Die krisengeschüttelten Griechen, Spanier und Portugiesen zeigten eher wenig Verständnis, und in Blogs und Foren hat sich europaweit ein Sturm der Entrüstung entladen. Selbst ehemalige Nobelpreisträger fordern, das Osloer Komitee möge seine Entscheidung zurücknehmen. Im Zentrum der Kritik steht der Vorwurf, dass jüngste Entwicklungen in der EU nicht zu einer weiteren Befriedung, sondern zu Streit und Uneinigkeit unter ihren Mitgliedern geführt hätten.
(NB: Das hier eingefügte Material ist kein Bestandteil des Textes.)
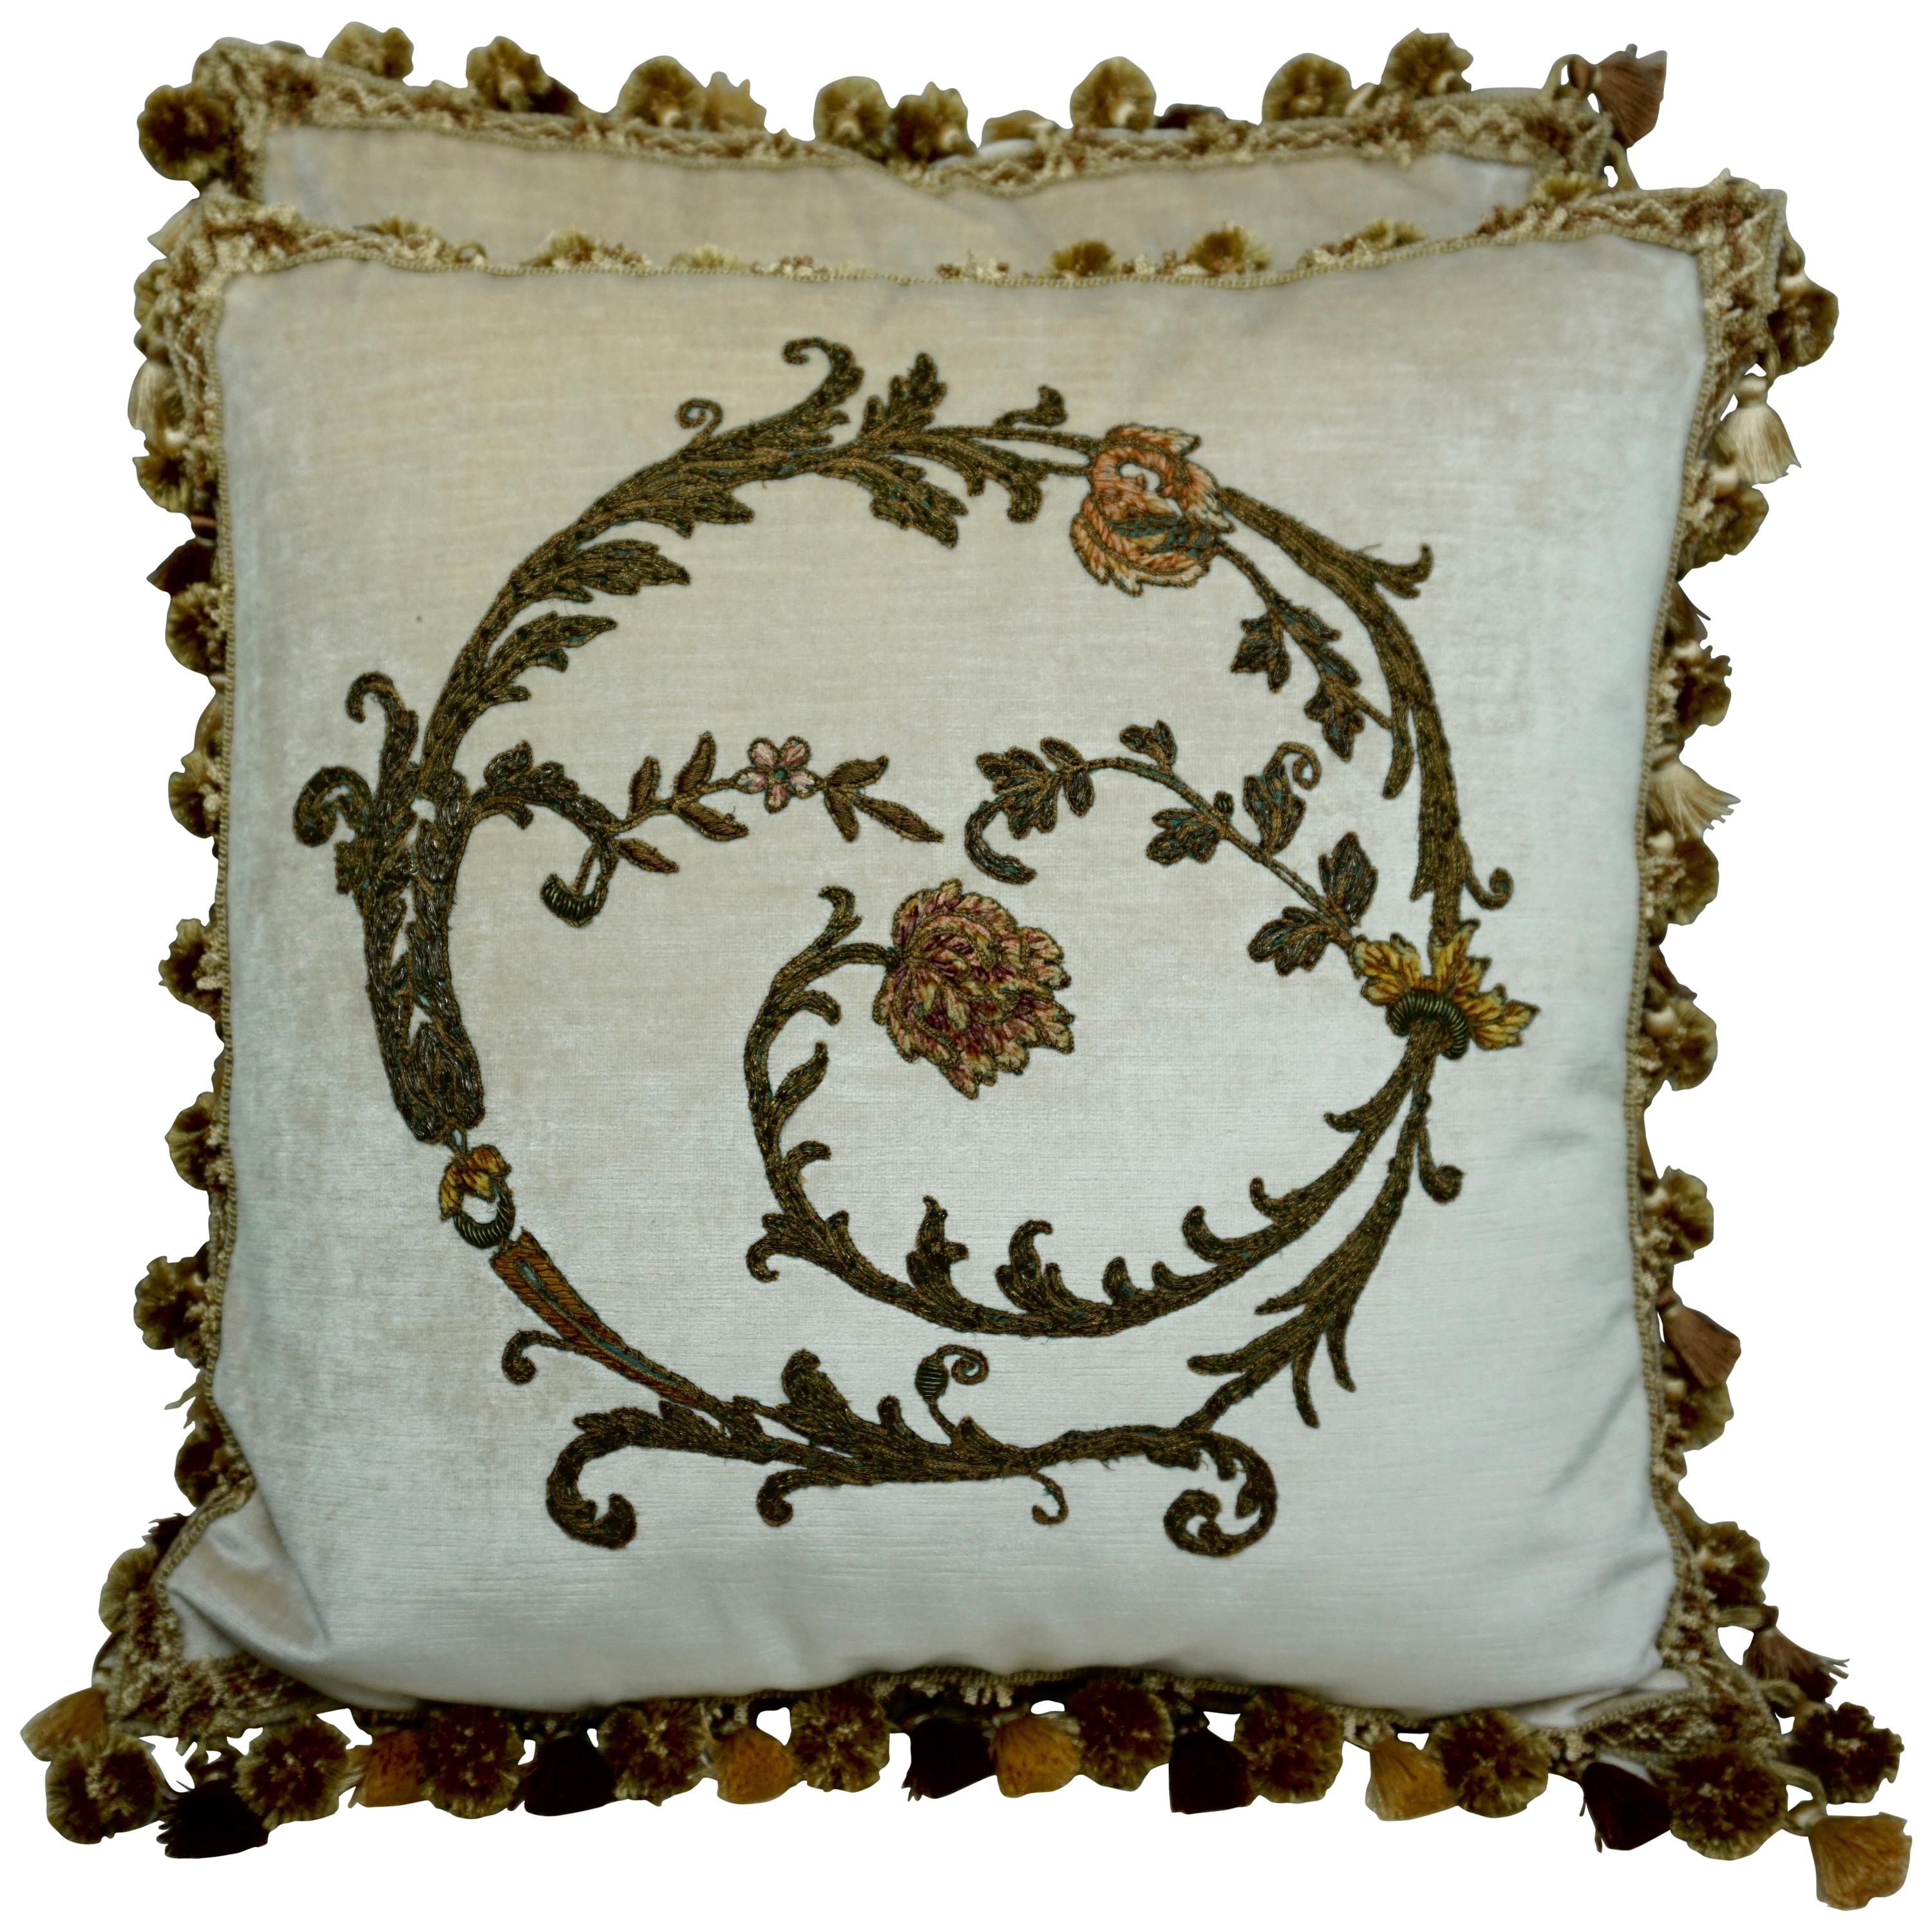 Pair of Custom Cream Velvet Applique' Pillows by Melissa Levinson
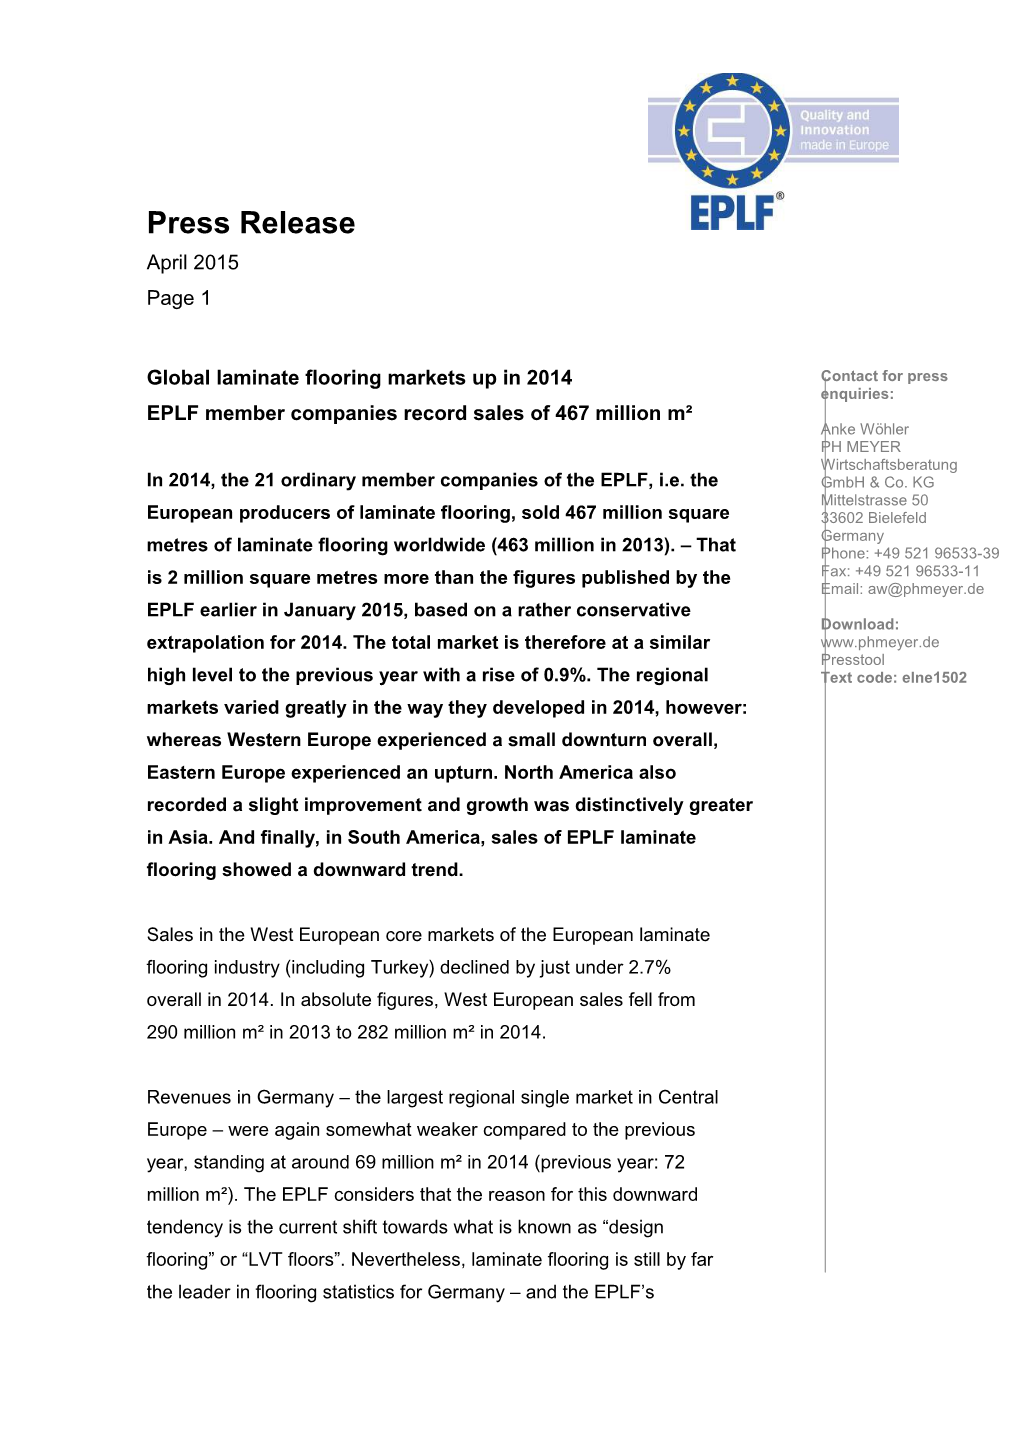 EPLF Member Companies Record Sales of 467 Million M

Heute werden die Präsidenten der Europäischen Kommission, des Rates und des Parlaments den Preis in Oslo dennoch entgegennehmen. Und zwar zu Recht, wie ich behaupte. Ein Blick auf die drei, von Alfred Nobel selbst festgesetzten Kriterien, die ein Preisträger erfüllen soll, macht dies deutlich. Nach Vorstellung des Stifters verdient jener den Preis, der erstens „auf die Verbrüderung der Völker“, zweitens „die Abschaffung oder Verminderung stehender Heere“ und drittens „das Abhalten oder die Förderung von Friedenskongressen“ hinwirkt. Wie verdient hat sich die EU also in den vergangenen Jahrzehnten um diese drei Forderungen gemacht?
Kaum jemand würde heute den Beitrag der EU zur Völkerverständigung in Abrede stellen. Das Nobelpreis-Komitee hat dies mit seinem Hinweis auf die deutsch-französische Aussöhnung nach 1945, die in dieser Form wohl nur im europäischen Rahmen stattfinden konnte, verdeutlicht. Dass Ost und West heute gemeinsam am Brüsseler Verhandlungstisch sitzen, hätte vor rund 25 Jahren kaum jemand für möglich gehalten. Auch hierauf weist das Osloer Komitee hin.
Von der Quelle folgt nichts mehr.